3 Stimulus Specificity of Auditory MEG Activity
This section reviews a selection of basic sound features and how they are reflected in MEG activity originating in the auditory cortex. Only a brief introduction to the background and psychophysics is provided along with each paragraph, and the reader is referred to the available textbooks on psychological acoustics (Moore 2012), phonetics (Stevens 2000), or auditory physiology (Schnupp et al. 2011) for more details and references to the original publications.
3.1 Temporal Resolution and Integration
Temporal coding of sound is differently reflected in the MAEF and LAEF. The early MAEF peaks are very robust to fast stimulus repetition: When two pulses are repeated at ISIs between 1–14 ms (Rupp et al. 2000), a clear response to the second pulse is observed at ISIs >= 4 ms, and the response is nearly completely recovered at ISIs >= 14 ms.

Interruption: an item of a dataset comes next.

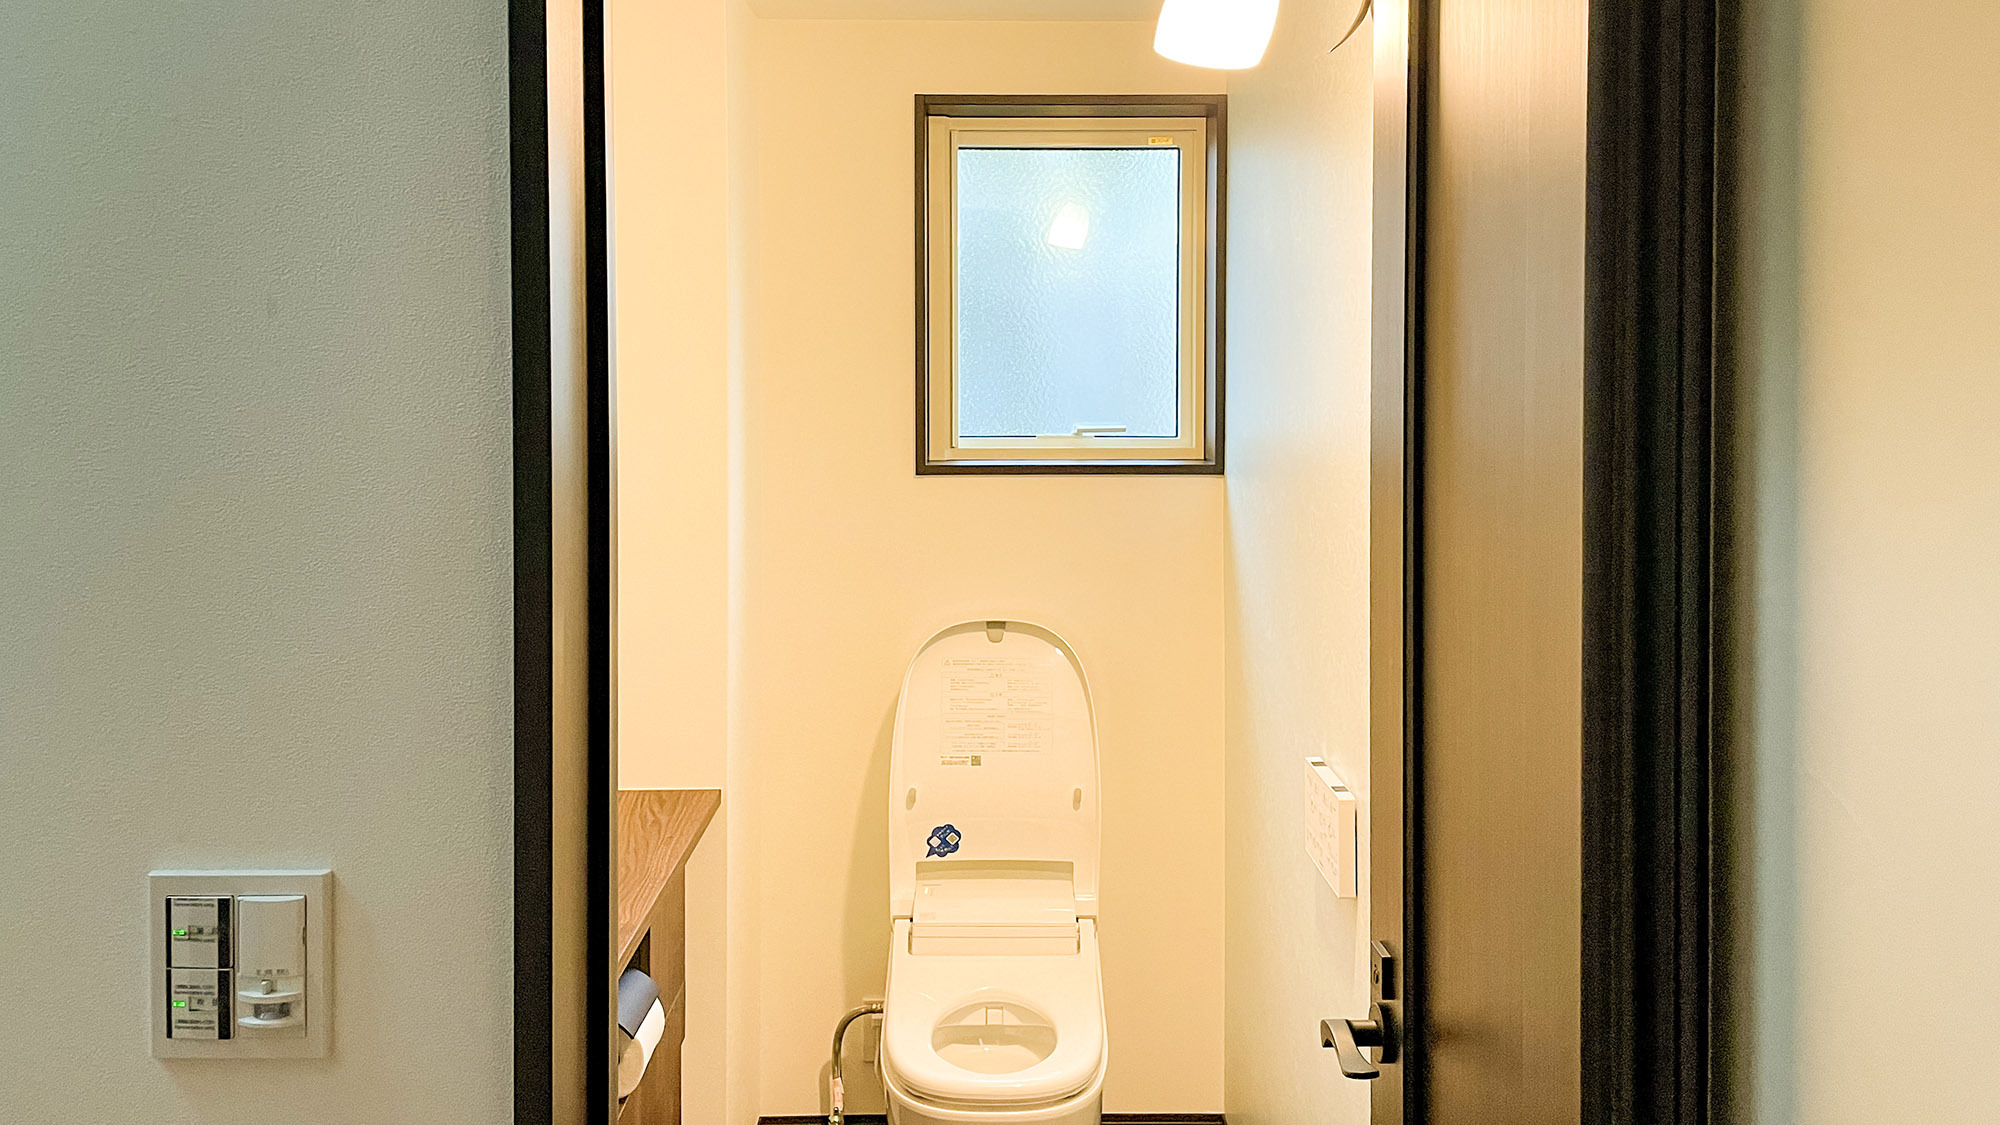 ・【サウスヴィラ】便器の自動洗浄機能がついたシャワートイレを完備
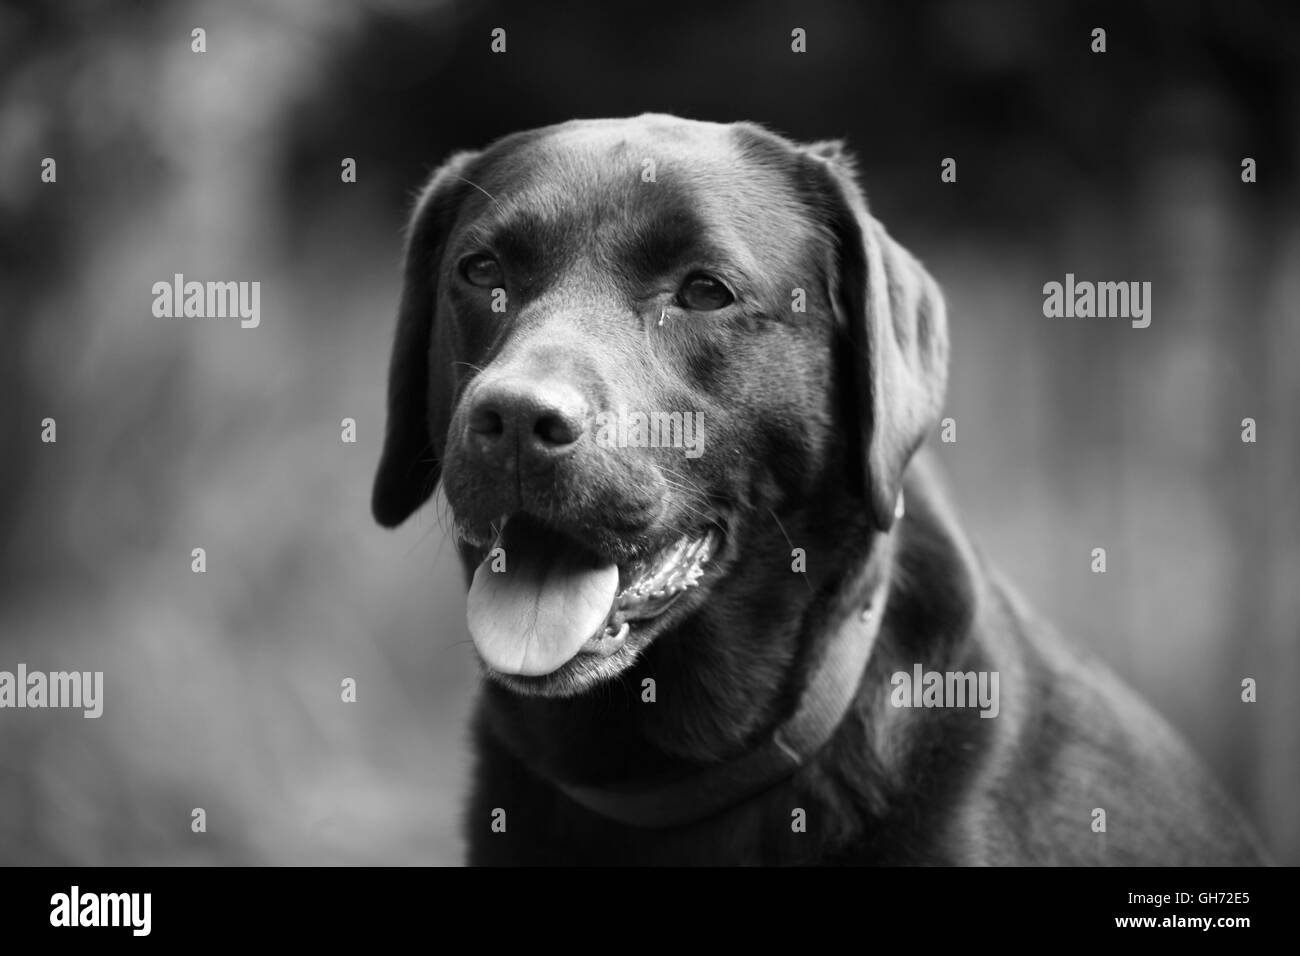 Hund im Freien, große Rasse Hund, Hund-Fotografie, Hund Portrait, Tierärzte, schwarz / weiß Fotografie, Tiere, Haustiere Stockfoto

The continuous time-locking capability of the MAEF is also demonstrated by the 40-Hz SSR (Gutschalk et al. 1999; Brugge et al. 2009), which shows phase-locking to inter-click intervals of less than 20 ms.

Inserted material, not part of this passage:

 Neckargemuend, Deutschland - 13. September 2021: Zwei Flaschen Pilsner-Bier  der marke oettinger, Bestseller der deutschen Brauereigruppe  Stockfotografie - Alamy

A classical psychoacoustic paradigm to test temporal resolution is gap detection, where a short interruption in an ongoing sound is used as the stimulus. For example, listeners are able to detect interruptions of few milliseconds duration in a continuous broadband noise. When this stimulus is applied in MEG, gaps as short as 3 ms are sufficient to evoke a significant MAEF response (Rupp et al. 2002a), which is in accordance with psychoacoustic thresholds. Moreover, the higher perceptual thresholds observed at the beginning of a noise burst (5 or 20 ms after onset) are paralleled by a lack of MAEF (Rupp et al. 2004).

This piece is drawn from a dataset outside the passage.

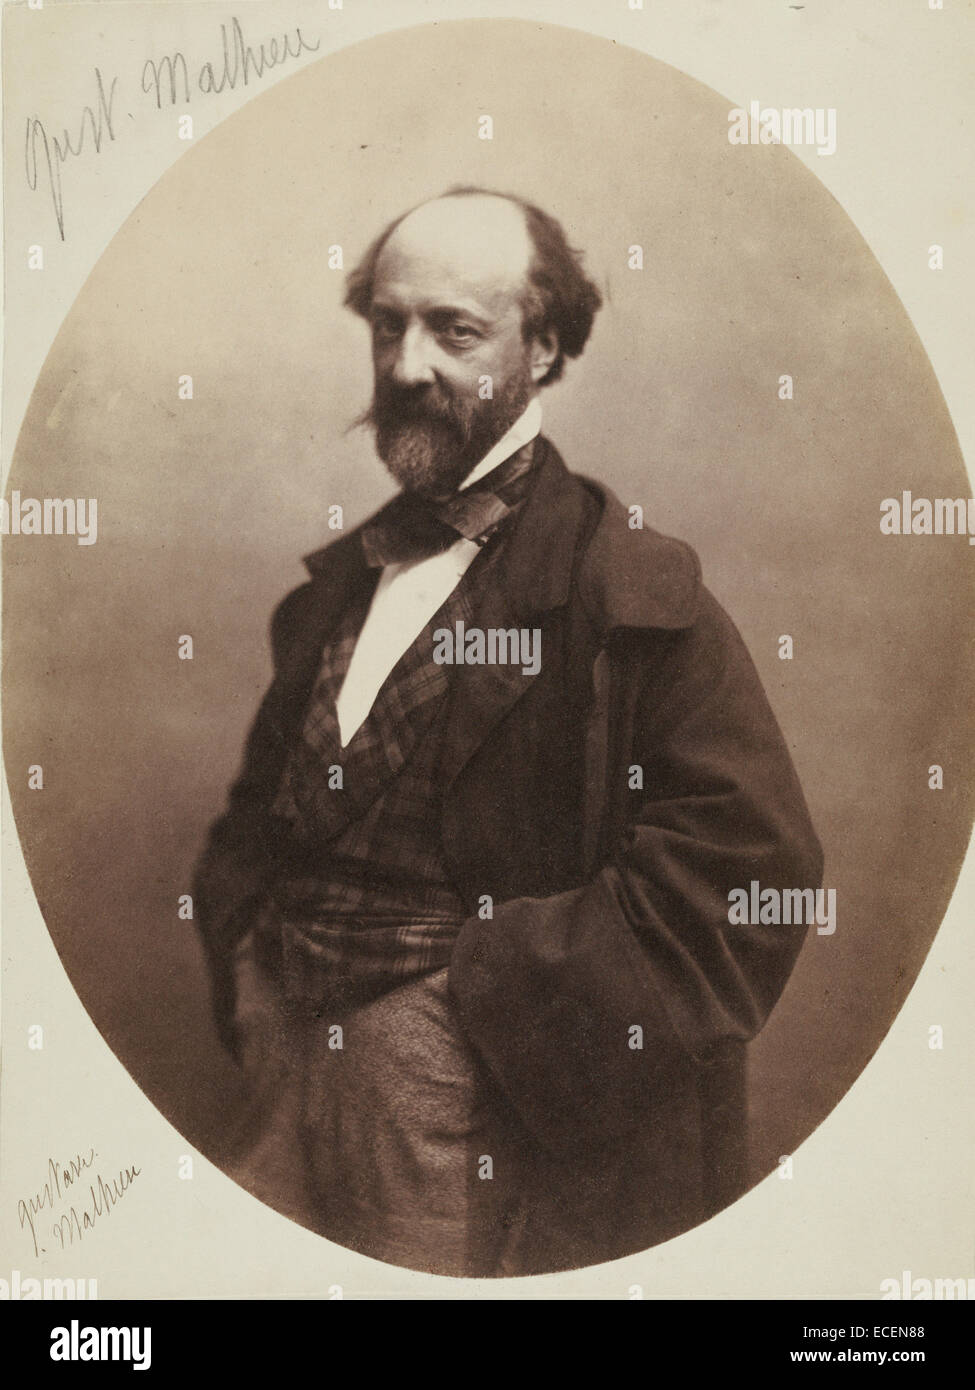 Gustave Mathieu; Nadar [Gaspard Félix Tournachon], Francia, 1820 - 1910; 1855 - 1859; impresión de papel salado Foto de stock

The subsequent P1m and N1m are distinctly different with regard to their suppression at short ISI: when periodic click trains are interrupted by omission of one or more clicks, the onset response after the interruption does not show a significant P1m when the interruption is 12 and 24 ms. At gap durations of 48 ms, the P1m is partly recovered, and it has regained almost completely at gaps of 196 ms (Gutschalk et al. 2004b). The time interval required for complete recovery is even longer for the N1m: Some recovery, especially of the anterior N1m generator, is observed between 70–150 ms in a two-tone paradigm (Loveless et al. 1996). With ongoing stimulation, the N1m is reliably observed at ISIs of 300 ms and more (Carver et al. 2002), but some reduction of the response is observed up to 5–10 s (see Sect. 2.2.2). Note that the N1m can also be evoked by all sorts of transients and transitions in ongoing sound, and not only by sound onset. For example, short gaps of 6 ms in an ongoing noise produce not only a P30m, but also a prominent N1m (Rupp et al. 2002a). This should not be mistaken as evidence that the N1m shows similarly fine and fast time-locking as the P30m, but rather reflects the perceptual salience of the transient gap. In contrast to the N19m-P30m, the N1m may also reflect auditory events integrated over longer time intervals. Early studies suggested that the N1m integrates over a time interval of approximately 30–50 ms (Joutsiniemi et al. 1989), because the response amplitude increases with the tone duration for intervals up to this length. More recent studies indicate that temporal integration at the level of the N1m is not captured by a fixed time window and depends on parameters such as the onset dynamics (Biermann and Heil 2000) and temporal structure of the eliciting stimulus (Krumbholz et al. 2003).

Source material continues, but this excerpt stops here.